Milton’s legal problems worsen

Prosecutors added a fourth charge against Milton last Wednesday. He allegedly defrauded the seller of a land contract for Utah property by offering to partially pay for the deal in Nikola stock options. Milton’s legal team on filed a motion Tuesday seeking to shield Milton’s wealth, lifestyle and spending habits from jurors at his trial calling it “irrelevant and unfairly prejudicial.”

Pressing for more time

Late Monday, Milton’s attorneys filed a letter pressing for a 30-day delay versus seven days offered by prosecutors.

The letter said the fourth charge differs from the first three, which allege Milton tried to pump up enthusiasm by retail investors for Nikola stock through a persistent presence on social media and interviews with financial media. The land contract issue is unrelated and would require a “pivot” in trial strategy, they said.
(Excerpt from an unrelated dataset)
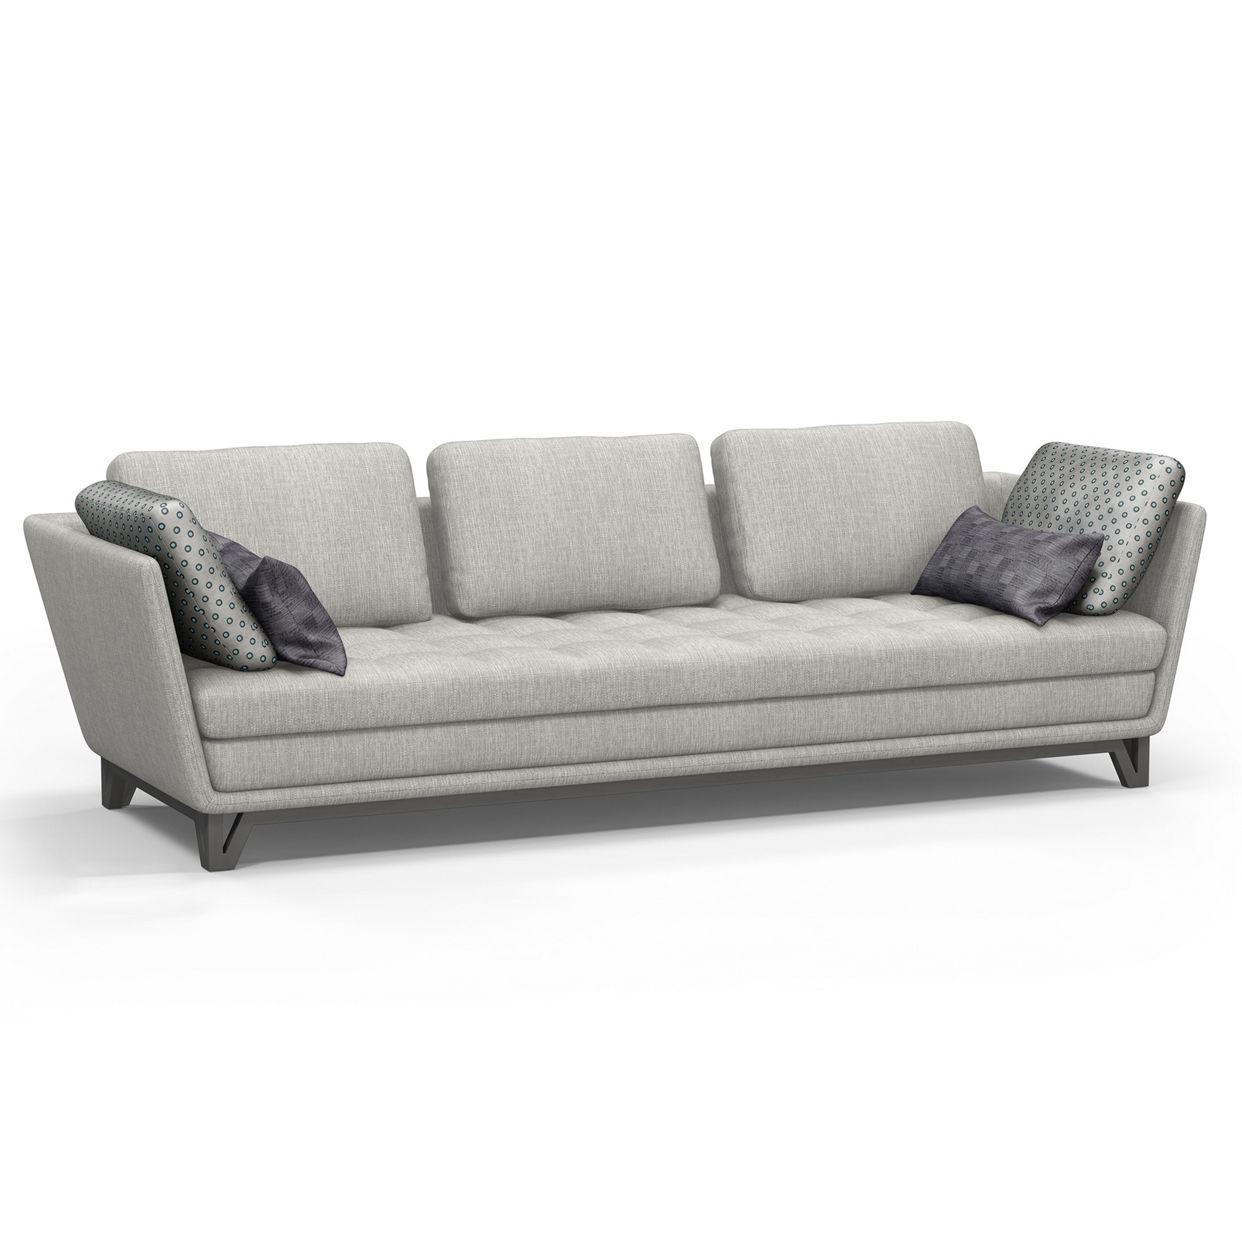 Littoral 3 4 Seat Sofa Sofas Roche Bobois Sofa Sofa

“Nothing in the original Indictment provided notice that these issues would be presented at
trial, let alone result in Count Four,” Milton attorney Bradley Biondi wrote to Ramos. “Defense counsel first learned that this transaction might be presented at [Milton’s] trial on June 16, 2022. Nothing in the prior discovery from the government referenced the private real estate transaction or otherwise provided any forewarning.”

Ramos earlier ruled against Milton’s bid to get his trial moved out of New York to Utah, where he resides, or to Phoenix, where Nikola has its headquarters. The trial date was set for July when he declined to appeal the denial of a venue change.

Milton’s attorneys argued that pressing ahead with the trial creates a “Hobson’s choice – to go to trial unprepared on a new count that carries a term of imprisonment of 20 years or to forego his constitutional right to a speedy trial. A speedy trial does not mean a trial by eleventh-hour surprise.”

Prosecutors are keeping the heat on Milton. They filed a motion Monday seeking to require himto declare by Friday if he plans to use an “advice of counsel” defense — effectively blaming his attorneys for giving him bad advice in the case.